Among the greatest cultural repositories of Hawai'i are its folk artists, those practicing skills that are indigenous or part of the multi-ethnic landscape of the Islands. Now a piece of this treasure trove lies as close as your computer.

Taiko drumming wizard Kenny Endo is included in this folk arts program site.
The State Foundation on Culture and the Arts is distributing to school libraries copies of its new book and CD, "Our Arts, Our Lands — A Young Reader's Guide to Selected Folk Arts of Hawai'i." But an online version is also posted on the foundation's Web site (). You start there, then click on the Folk Arts Program link on the left-hand listing, and finally on the "Our Arts, Our Land" link.
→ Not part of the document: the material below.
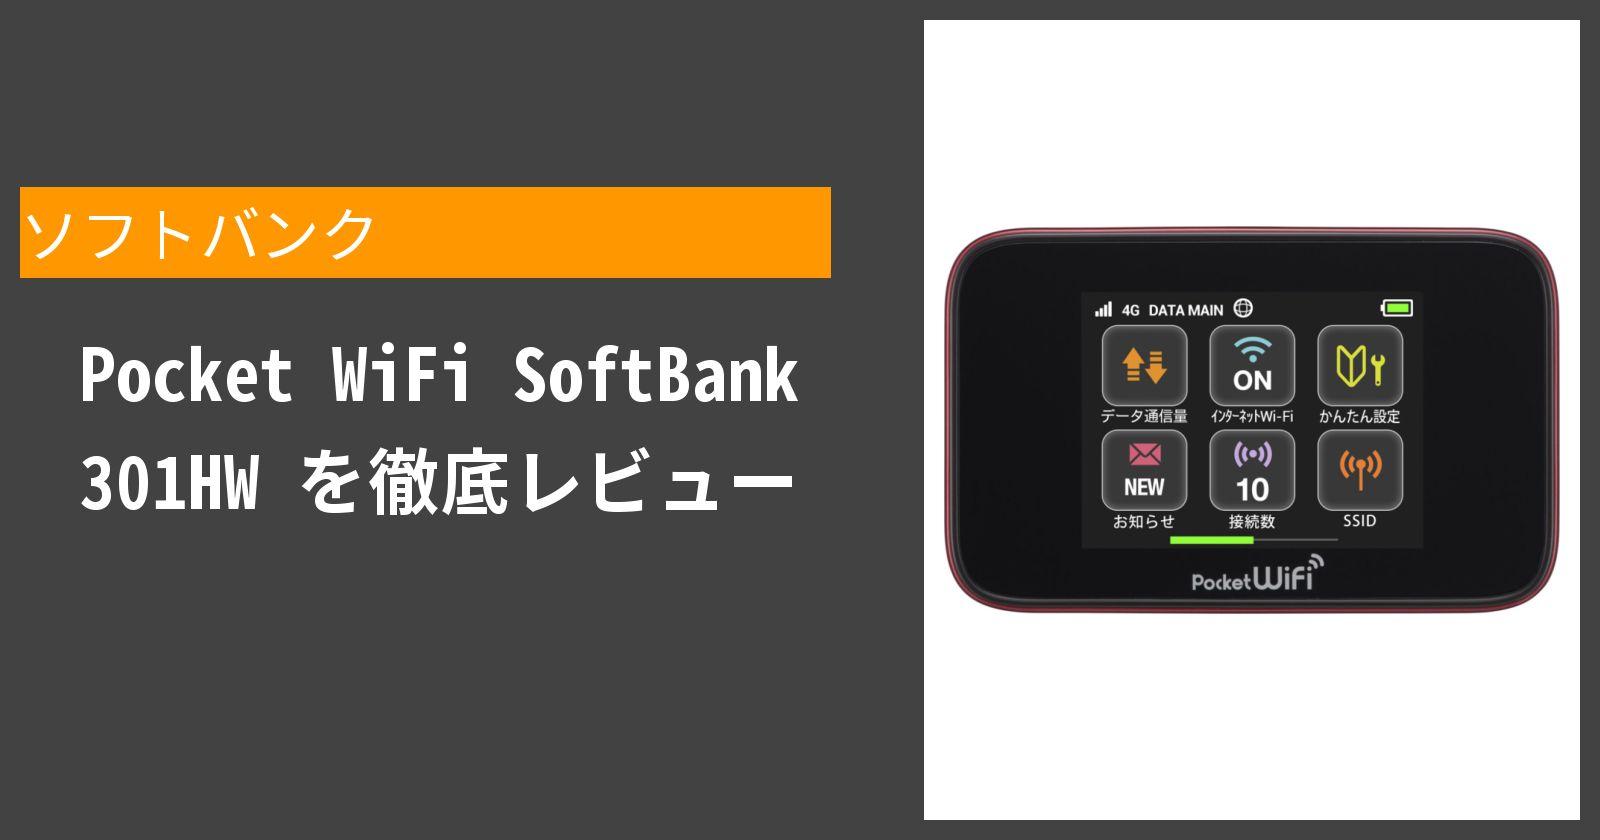 Pocket WiFi SoftBank 301HWを徹底評価

Each artist is presented with text in English and Hawaiian, and an audio file sampling their work or recording their thoughts. Of the 20 artists listed, several names will be familiar — slack-key guitarist Raymond Kane, taiko drumming wizard Kenny Endo (his page is shown) and Hawaiian singer-chanter Keali'i Reichel, who also narrates the audio portion of the site. But the site also pays homage to everything from Hawaiian fishnet knotting to lesser-known skills such as Korean pansori singing, Okinawan dance and Japanese mingei pottery.

It's another, welcome example of old technology finding a footing in the new.